Throughout the in-house development of Valley Hope's software, the technology experts have prioritized collecting key information from those on the front lines of treatment. Clinical supervisors' input has been essential to designing assessment modules and other automated features relevant to the counselor-client relationship. In addition, the clinical staff is given broad leeway to make changes to programs without having to seek the IT department's approval.

"The best clinicians in the organization get to manage clinical content in the software, in a way that leverages their clinical skill," Leipold says.

Boutwell adds, "I work at least once a day with the clinical managers. We've written our software with our users giving us the starting point. We have meetings with them before we work one line of code."

Entering the Business

Technology certainly has altered the provision of treatment at Valley Hope, but how does an organization whose business is treatment then decide to make the jump to offering technology solutions to others? Leipold acknowledges that before the agency considered taking its programs to the marketplace, Valley Hope had pondered other options for diversifying its revenue base.

Chief among these, Leipold says, was the possibility of offering treatment for addictions beyond the confines of alcohol and drugs, such as in gambling or sex addiction. But the organization concluded that it could not reasonably provide all services to all people.

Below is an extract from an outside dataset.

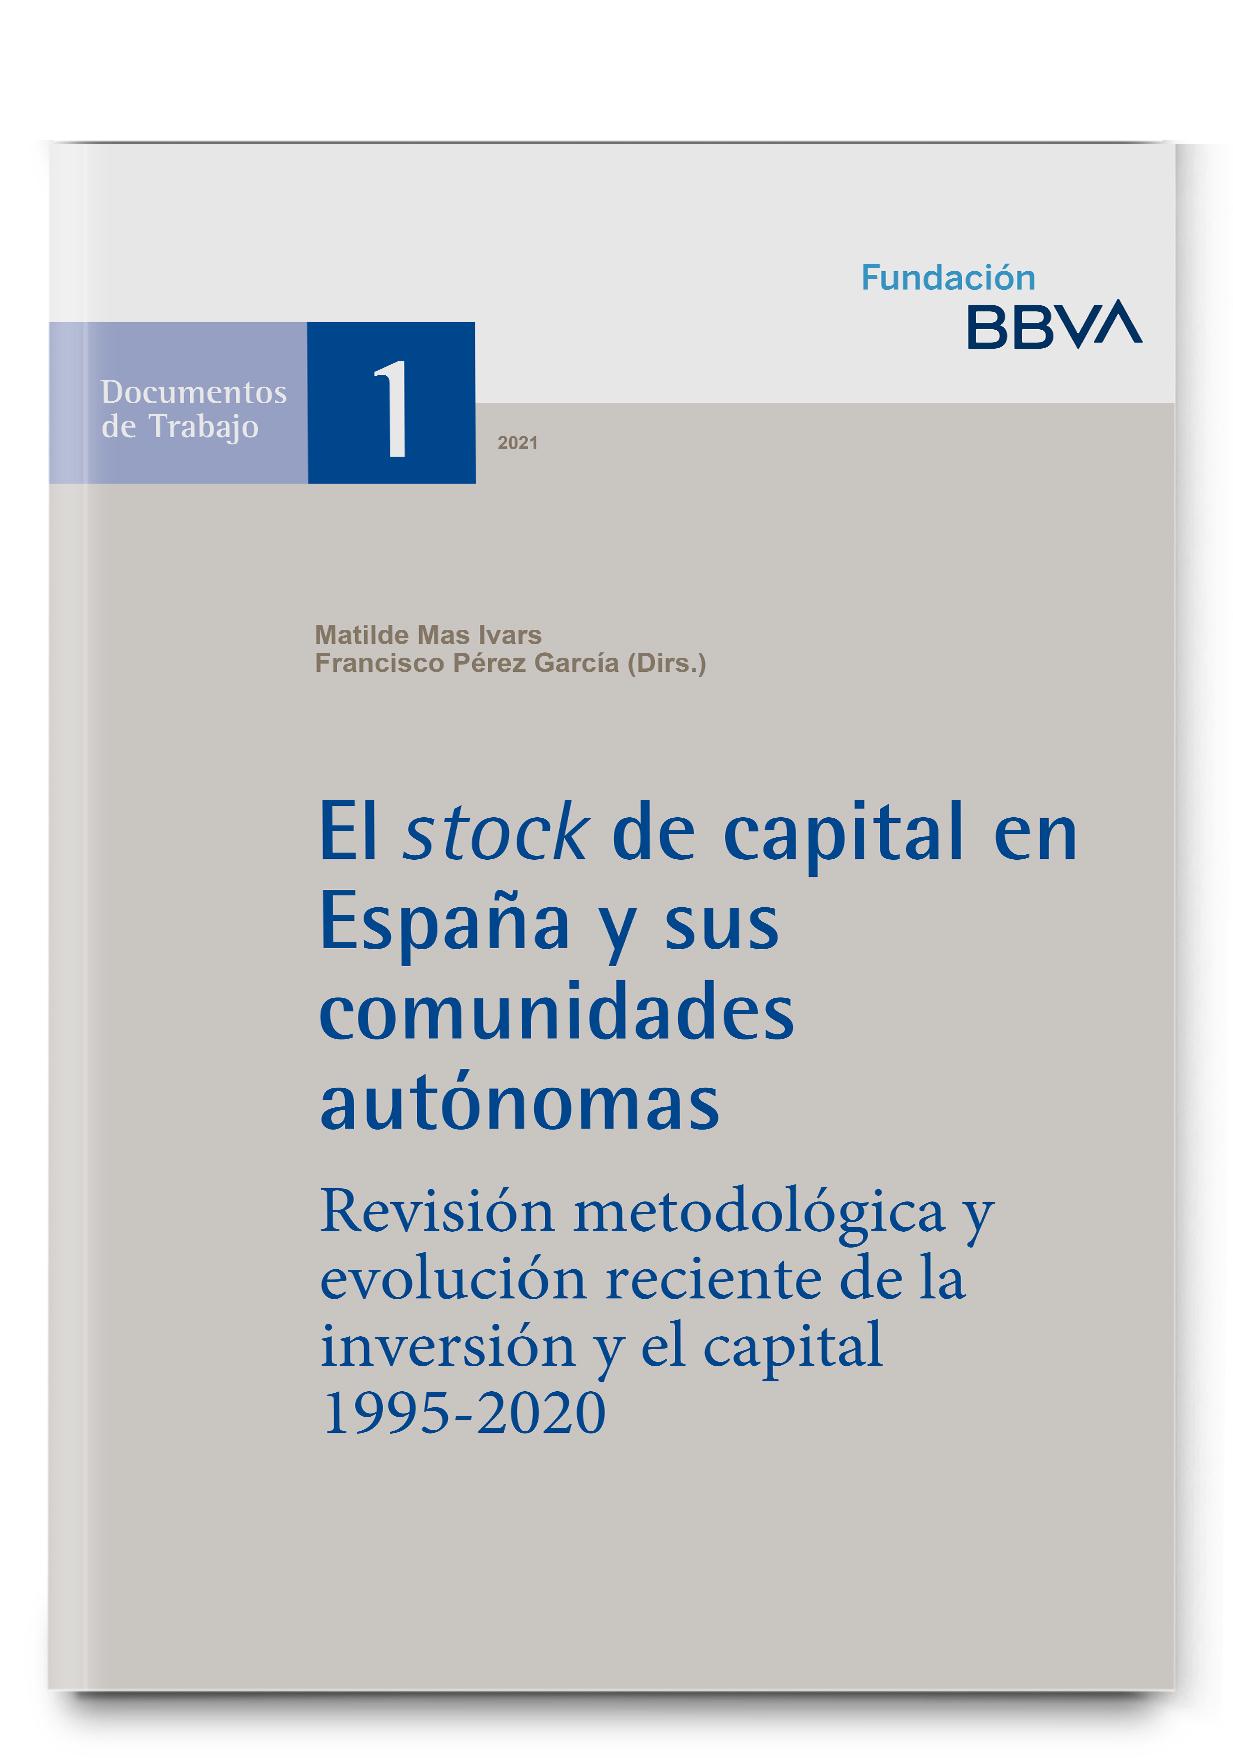 El stock de capital en España y sus comunidades autónomas. Ajuste de la inversión pública y reducción del déficit (1964-2017)

What is attractive about working with like-minded substance addiction agencies on technology solutions, Leipold says, is the opportunity to extend the organization's reach on behalf of the alcohol and drug addict.

Yet this is not to say that Valley Hope will work only with treatment agencies that espouse the same treatment philosophy. "There is no political agenda. We don't need to run other people's companies," Leipold insists. Agencies will be able to superimpose Valley Hope's software on their own clinical models, he says.

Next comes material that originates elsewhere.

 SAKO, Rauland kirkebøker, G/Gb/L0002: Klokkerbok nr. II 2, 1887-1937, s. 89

Valley Hope is calling its technology venture "WinPIMS," and the effort is beginning to attract interest. Bayside Marin, an 18-bed residential treatment facility in San Rafael, California, has decided to implement the Valley Hope software and become one of the initial customers in Valley Hope's new venture.

"We believe that the [clinical] innovations we have created transcend our concerns over the difficulty of deploying commercial software," Leipold says. "Our innovations bring competitive advantages to the software."